According to P. Lang et al. (1997), when participants are presented with emotional
stimuli, the PSNS is usually dominant and so HR reduces. There is a substantial body of
research that demonstrates that this HR deceleration is associated with an increase in
attention (Lacey and Lacey, 1970; A. Lang, 1990; Mulder and Mulder, 1981; Turpin, 1986).
This deceleration is brief for pleasant and neutral stimuli (Bradley et al., 1993; P. Lang et al.,
REALITY OF MOVIES AND EMOTION 5
1995), but more extended for aversive stimuli (P. Lang et al., 1997). However, P. Lang et al.
(1997) point out that for certain intense aversive emotions (e.g. with phobic participants) the
SNS dominates the HR influence and an increase is observed (Hamm et al., 1997; Klorman et
al., 1977). Thus the relationship between PNS and SNS activation is not a simple one.
Importantly, it has also been shown that reciprocal and non-reciprocal co-activation or co-
inhibition can occur in both the PSNS and the SNS (Berntson et al., 1994). For this reason,
physiological measures of autonomic arousal cannot be definitively attributed to any single
source and this might lead to difficulties with interpretation of HR data (Ravaja, 2004).

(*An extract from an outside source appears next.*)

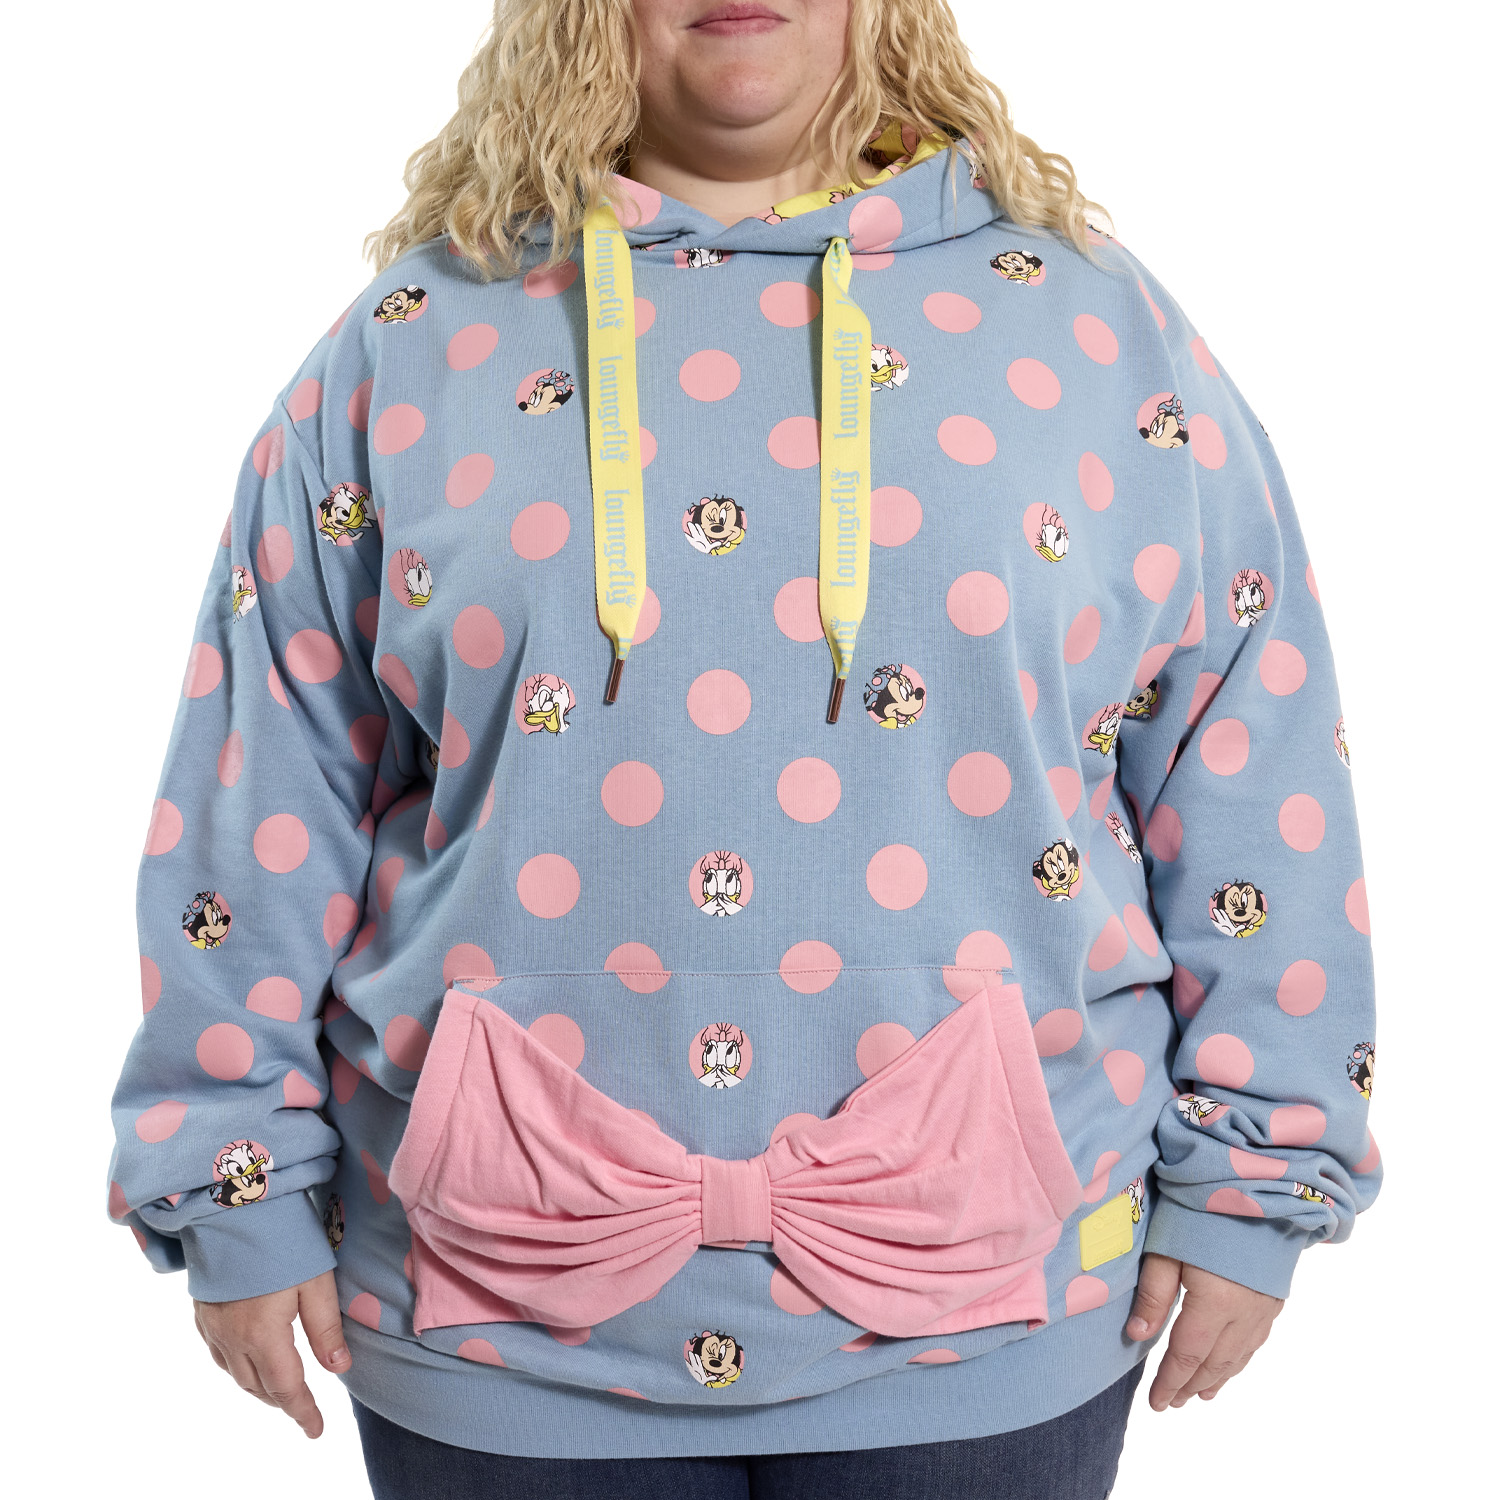 Louis Vuitton With Minnie Mouse Hoodie - Tagotee

To help go some way towards addressing this problem, researchers can use HR data
in conjunction with EDA. The presence or absence of differences in EDA, might help
determine if differences in HR are indicative of SNS activity (emotional arousal) or PSNS
activity (emotional regulation). For example, Reeves et al. (1999) use measures of HR and
EDA, specifically skin conductance (SC), when comparing groups of female students who
watched emotional moving pictures on different sized screens. They reported a significantly
higher level skin conductance, indicative of emotional arousal, and lower HR towards the
messages displayed on the larger screen than the smaller screens. Given the differences in
SC, they interpreted the lower HR as an index of increased attention.
Contrary to the above, Meehan et al. (2005) conducted four experiments which
investigated participants’ self-reported feelings of apparent reality and their physiological
arousal (heart-rate, skin conductance, skin temperature) in a number of 3D VEs that were
manipulated to be more or less realistic (by including passive haptics, an increased frame-
rate, or a delay in visual correspondence to actions). In reviewing the four experiments, they
found significantly higher levels of both HR and skin conductance when the environment was
more realistic. Thus, they interpreted HR effect as an index of emotional arousal.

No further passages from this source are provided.